39. Section 14.2.1. It appears that you are proposing to change the safety limit for a standard TRIGA fuel rod from 1000 ºC to 1150 ºC. Please provide a justification for this change given that fuel under the current 1000 ºC limit will continue to be used in your reactor.
40. Section 14.2.2. Section 13.3 of the SAR evaluates the LSSS for two specific IFE locations.

However, the TS allows the IFE to be located anywhere in the 30/20 fuel region. Please repeat the analysis for the worse case to show that the LSSS as proposed protects the safety limit.

41. Section 14.3.1. For TS 3.3, Pulse Mode Operation, it appears that you are proposing to eliminate the requirement to determine the maximum safe allowable reactivity insertion.

Please justify elimination of the requirement.

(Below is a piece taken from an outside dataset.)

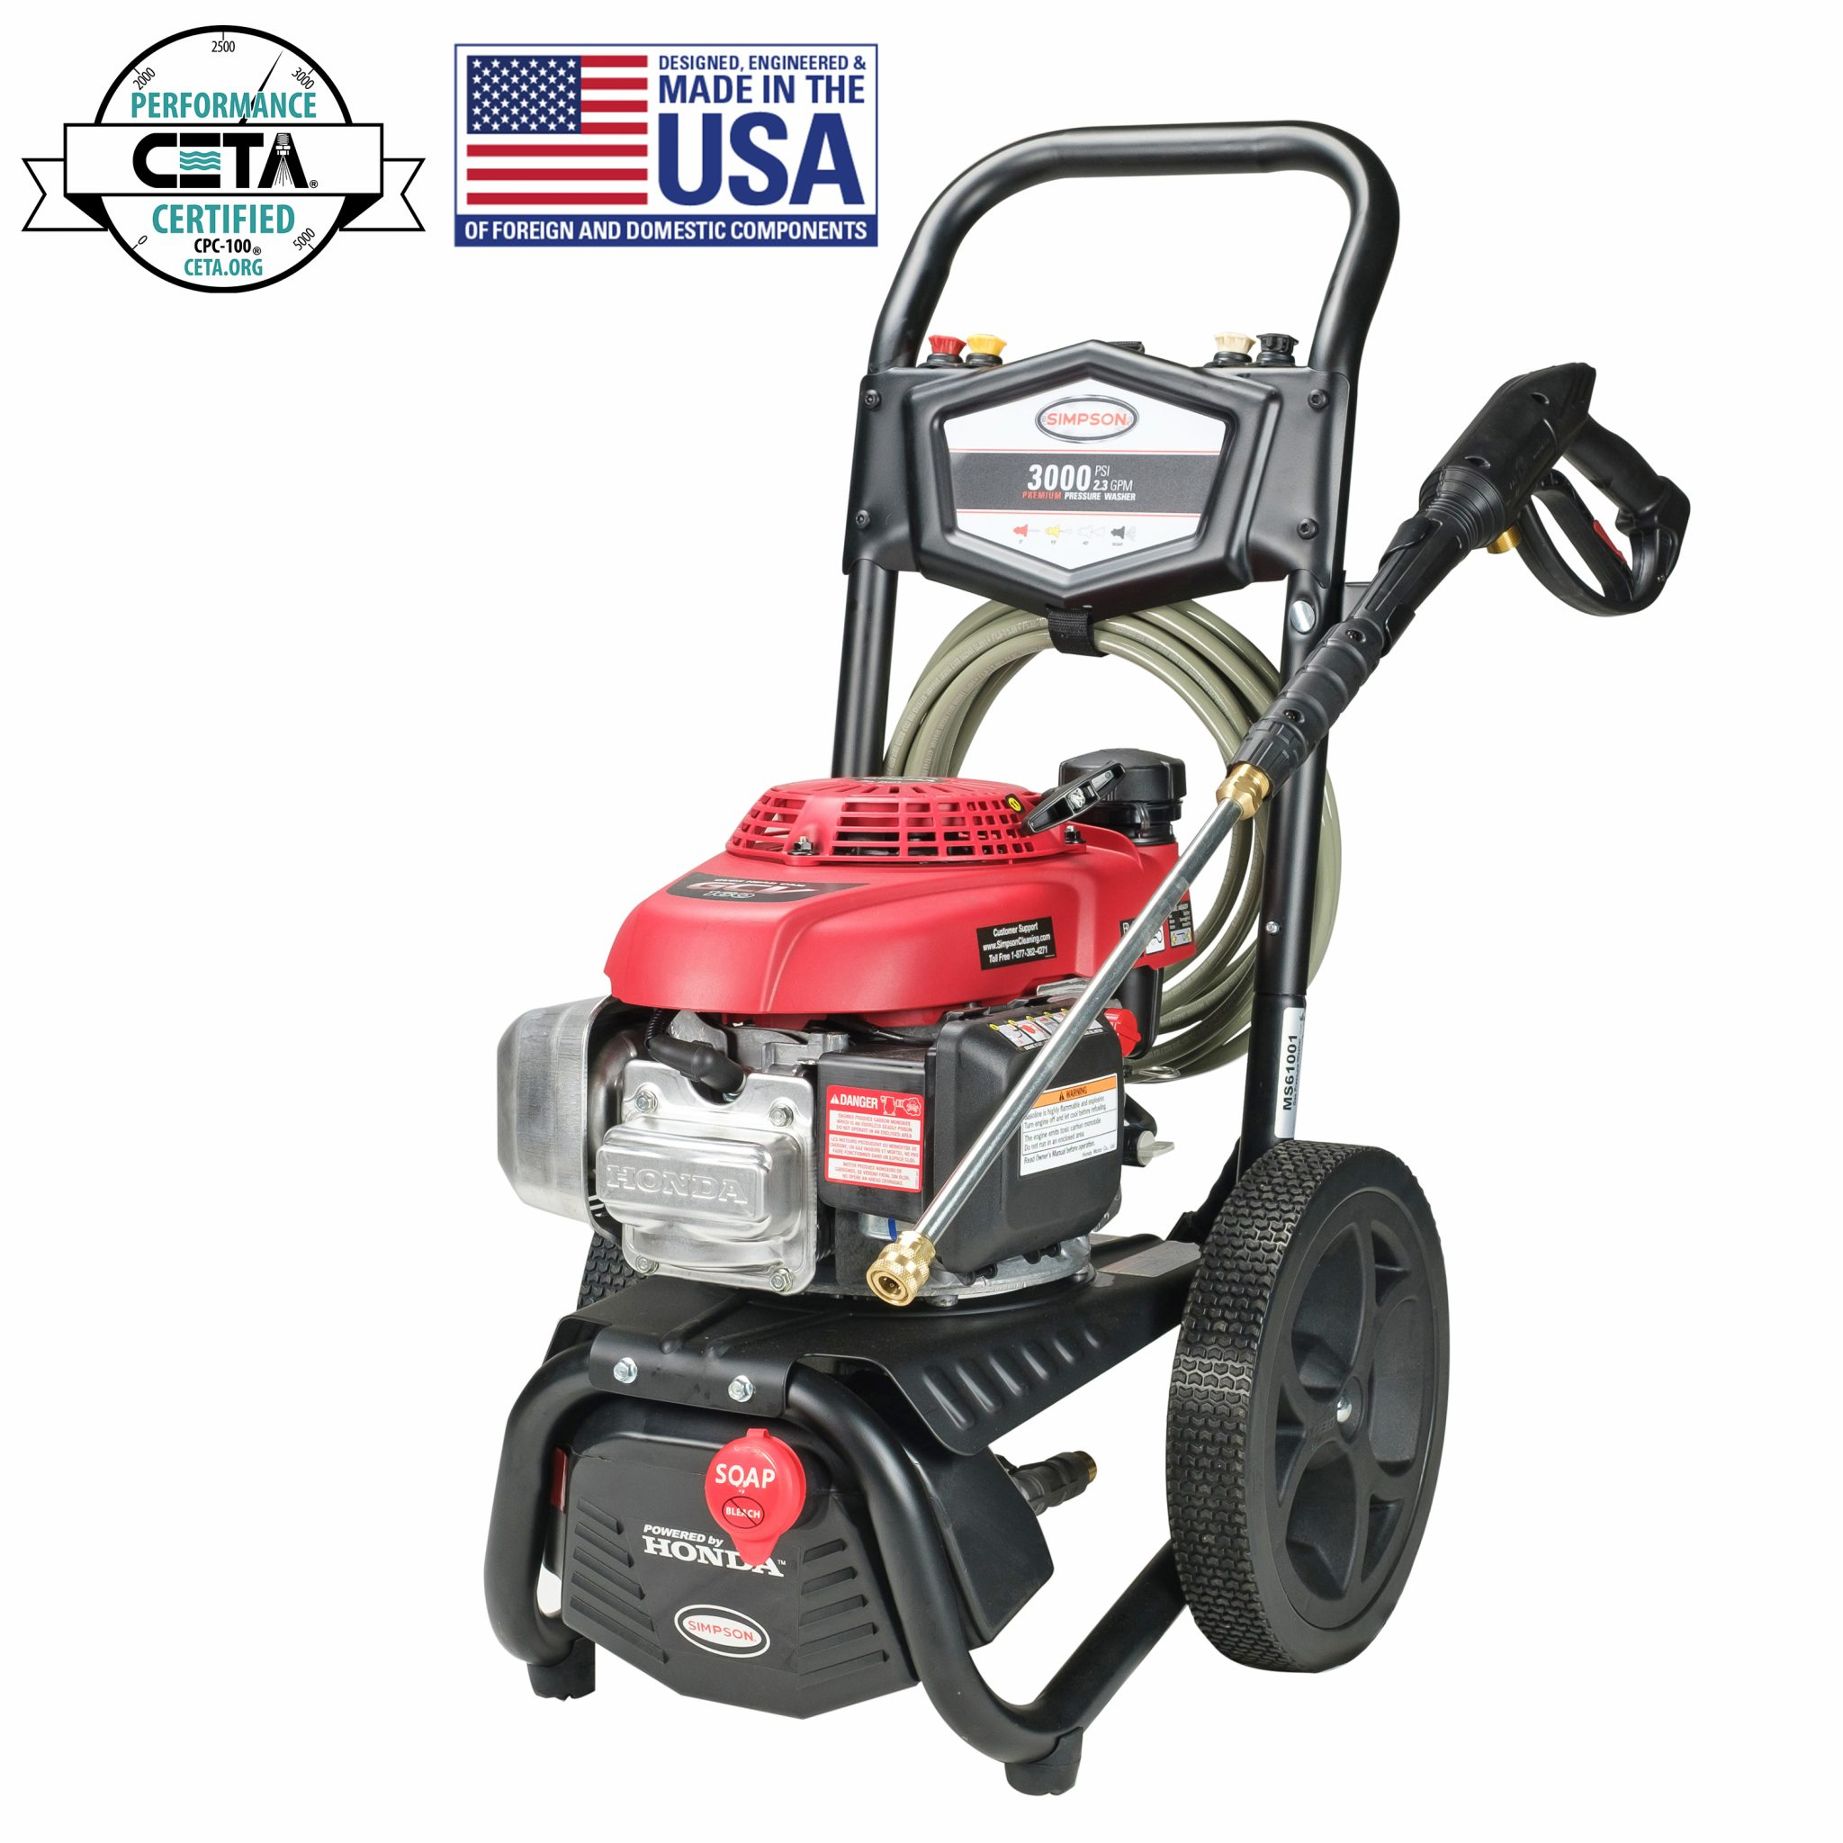 MS61001 POWER WASHER PARTS
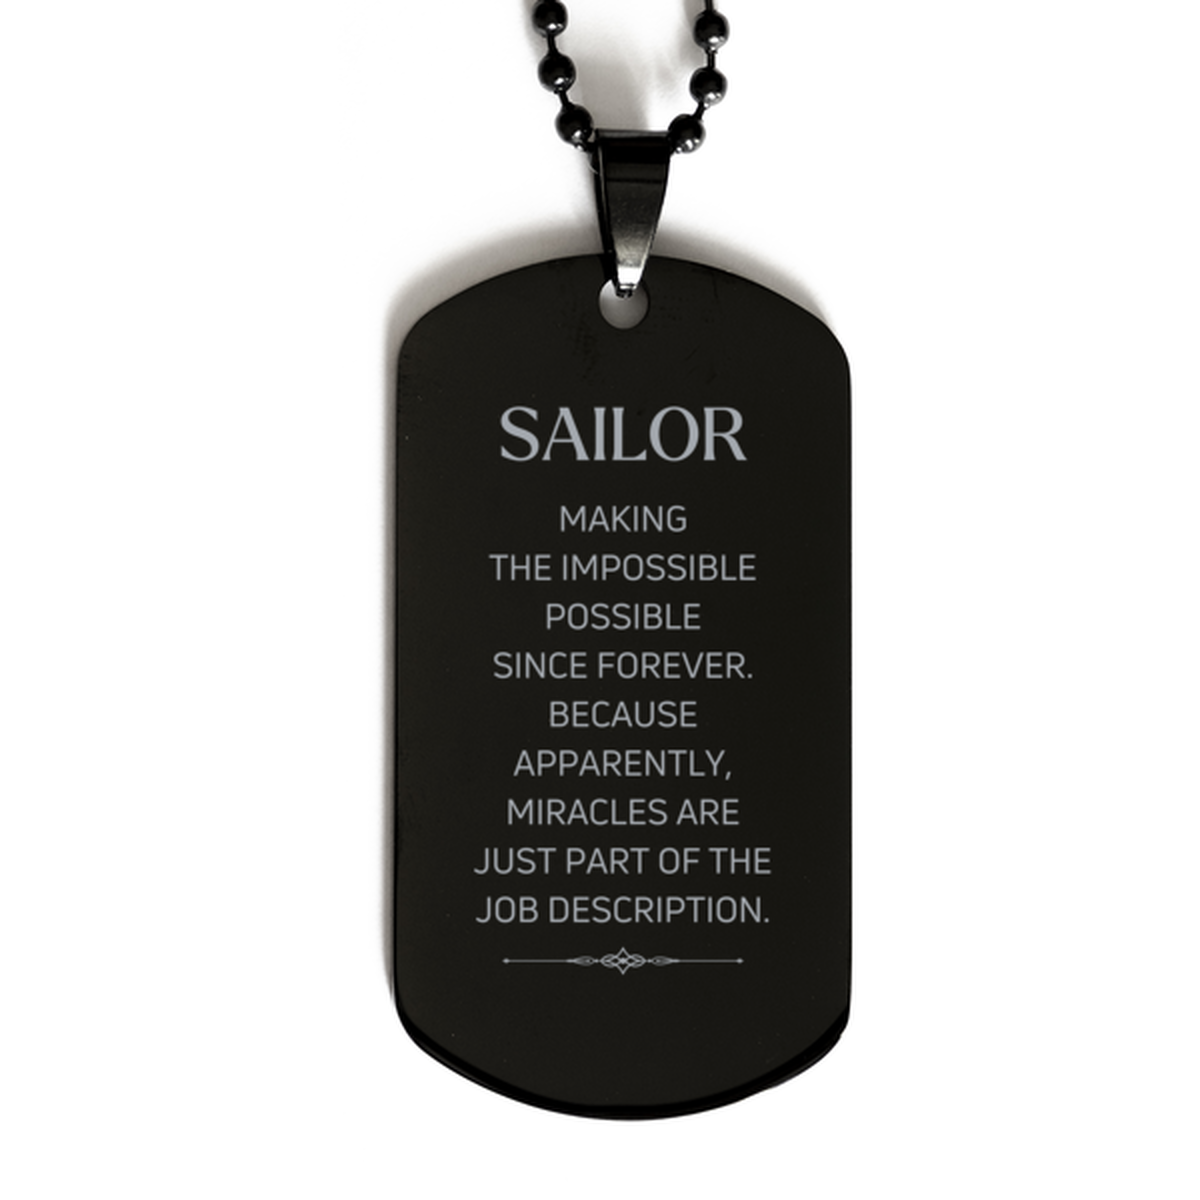 Funny Sailor Gifts, Miracles are just part of the job description, Inspirational Birthday Black Dog Tag For Sailor, Men, Women, Coworkers, Friends, Boss

42. Section 14.3.1. The TS Maximum Excess Reactivity states The maximum reactivity in excess of cold, xenon-free critical shall not exceed 5.6% k/k ($8.00). If =0.0075, then it appears the worth is $7.47. Please clarify.
43. Section 14.3.2. It appears that you are proposing the addition of 2 high power level measuring channels. What is the relationship between the high power level channels and the linear and log power channels? How is this change related to conversion of the reactor?
44. Section 14.3.2. Why is the manual scram, pool level and interlock that prevents energizing the pulse circuit when the power is less than 1 kW not part of the safety channels that must be operable?
45. Section 14.5.2. To the extent that this TS repeats requirements given in the Core Configuration Limitation TS, you may remove the redundancy.
46. Appendix A. What action is taken if an acceptance criterion for a startup test is not met?
47. Appendix A.1.1. It is stated that criticality is expected with a loading of 58-68 fresh, 30/20 fuel elements. The acceptance criteria states that 1/M criticality is expected with 43-77 30/20 fuel elements and 24-32 partially burned standard fuel elements. Please explain the difference in these two statements.
48. Appendix A.1.4. The SAR implies that the regulating rod does not have scram capability.

However, the acceptance criterion for shutdown margin only refers to the most reactive rod stuck out of the core. Please clarify.